What Does the Farmer Say about Agrihoods?

What Does the Farmer Say about Agrihoods?

Daron Joffe, a.k.a. “Farmer D,” is a busy guy these days. An expert on community farming, Joffe is in demand as a consultant for developers looking to add farming and agriculture to their projects.

“Momentum is picking up,” says Joffe, owner of Farmer D Consulting and the first farmer of Serenbe, a seminal agrihood outside Atlanta. “It seems like every day there is a new project.”

At this point, there are more than 90 agrihoods in the United States, according to ULI data. No longer the new amenity on the block, farms are now an accepted part of the master-planning mix as developers and communities look for new ways to attract buyers and develop healthy neighborhoods. In some cities, agrihoods are among the top-selling master-planned developments, attracting a mix of empty nesters, young families, and retirees focused on a healthy lifestyle. (See a map of agrihoods across the United States in addition to the publication, Agrihoods: Cultivating Best Practices, at uli.org/food)

But Joffe typically cautions developers who are considering an agrihood: “It sounds sexy,” he says. “But farming is hard. Sustainable agriculture is a real challenge.”

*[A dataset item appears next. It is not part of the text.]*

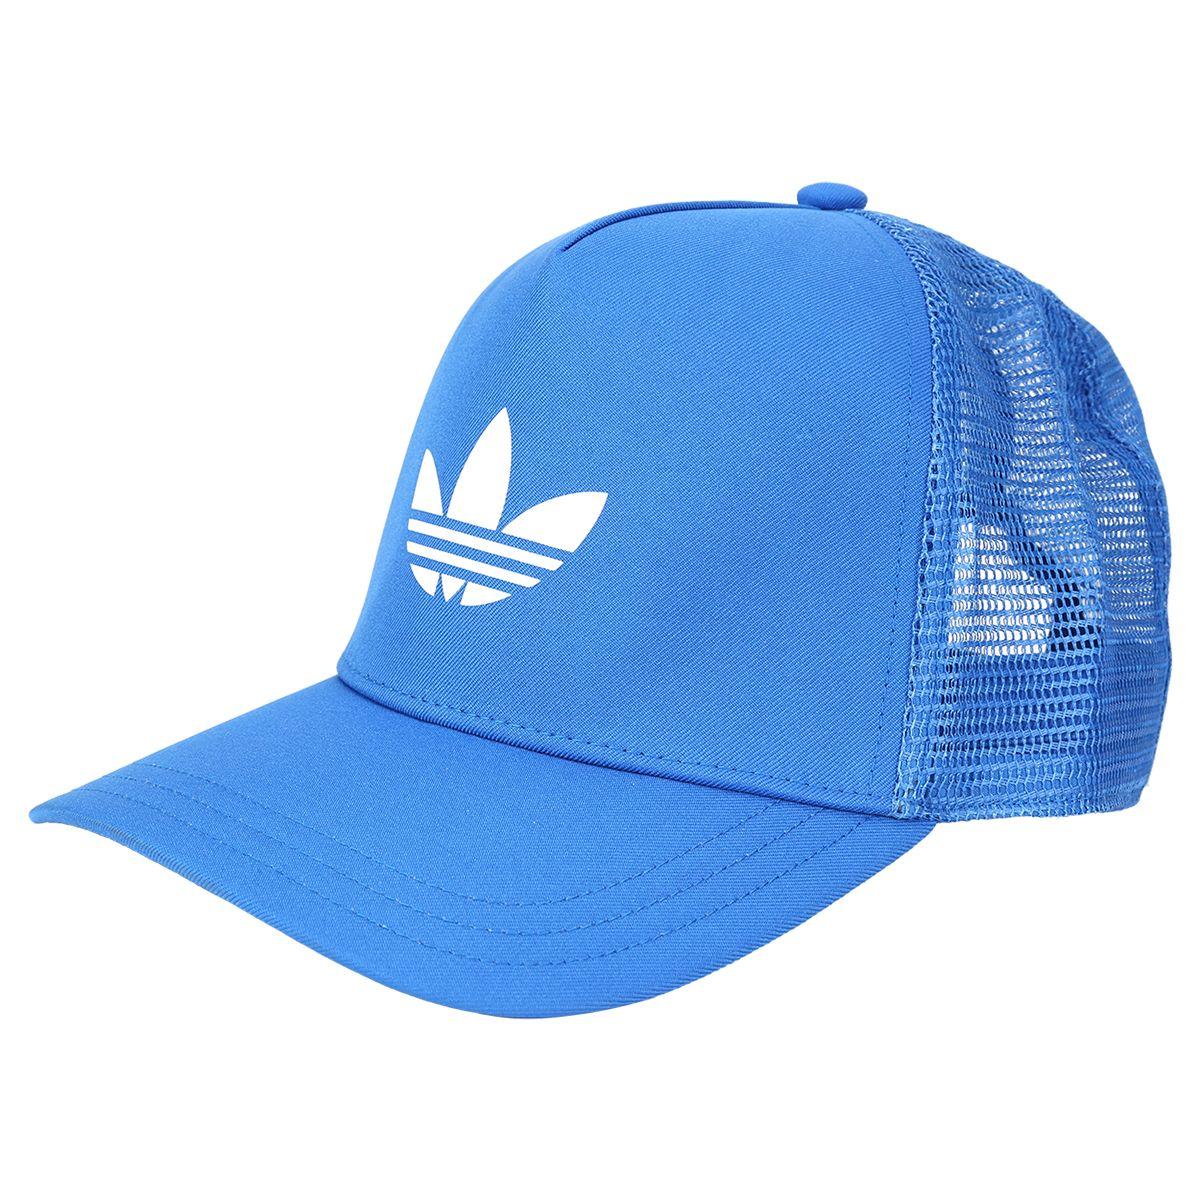 Boné Adidas Trefoil Trucker Azul claro e Branco  66f151bf398

In communities around the United States, there have been growing pains as developers, communities, and residents wrestle with the best ways to make agriculture and fresh food an integral part of their neighborhoods. Hard lessons have been learned as communities work out the kinks.

Three years after launching the 3.5-acre (1.4 ha) Cannery Urban Farm, part of the Cannery, a 547-home development in Davis, California, the farm is facing a $100,000 yearly deficit, says Mary Kimball, executive director of the Center for Land-Based Learning, the nonprofit organization operating the farm. The farm has encountered myriad unexpected issues, from poor soil and staff shortages to homeowners indiscriminately picking crops.

"When we started, we didn’t know a lot about agrihoods and how they operated and best practices,” Kimball says. The farm, which was developed in conjunction with the city of Davis, will need a financial restructuring if it is going to be sustainable and achieve its potential, she says. But Kimball remains convinced of the concept’s potential. “The opportunities are amazing,” she says. “It’s about figuring out how to make this work.”

Finding Value

Food-related amenities can support a developer’s bottom line, but the “developments require innovation, creativity, new business models, and inventive partnerships to be successful,” concluded a recent report on the subject from ULI’s Center for Sustainability, Cultivating Development: Trends and Opportunities at the Intersection of Food and Real Estate.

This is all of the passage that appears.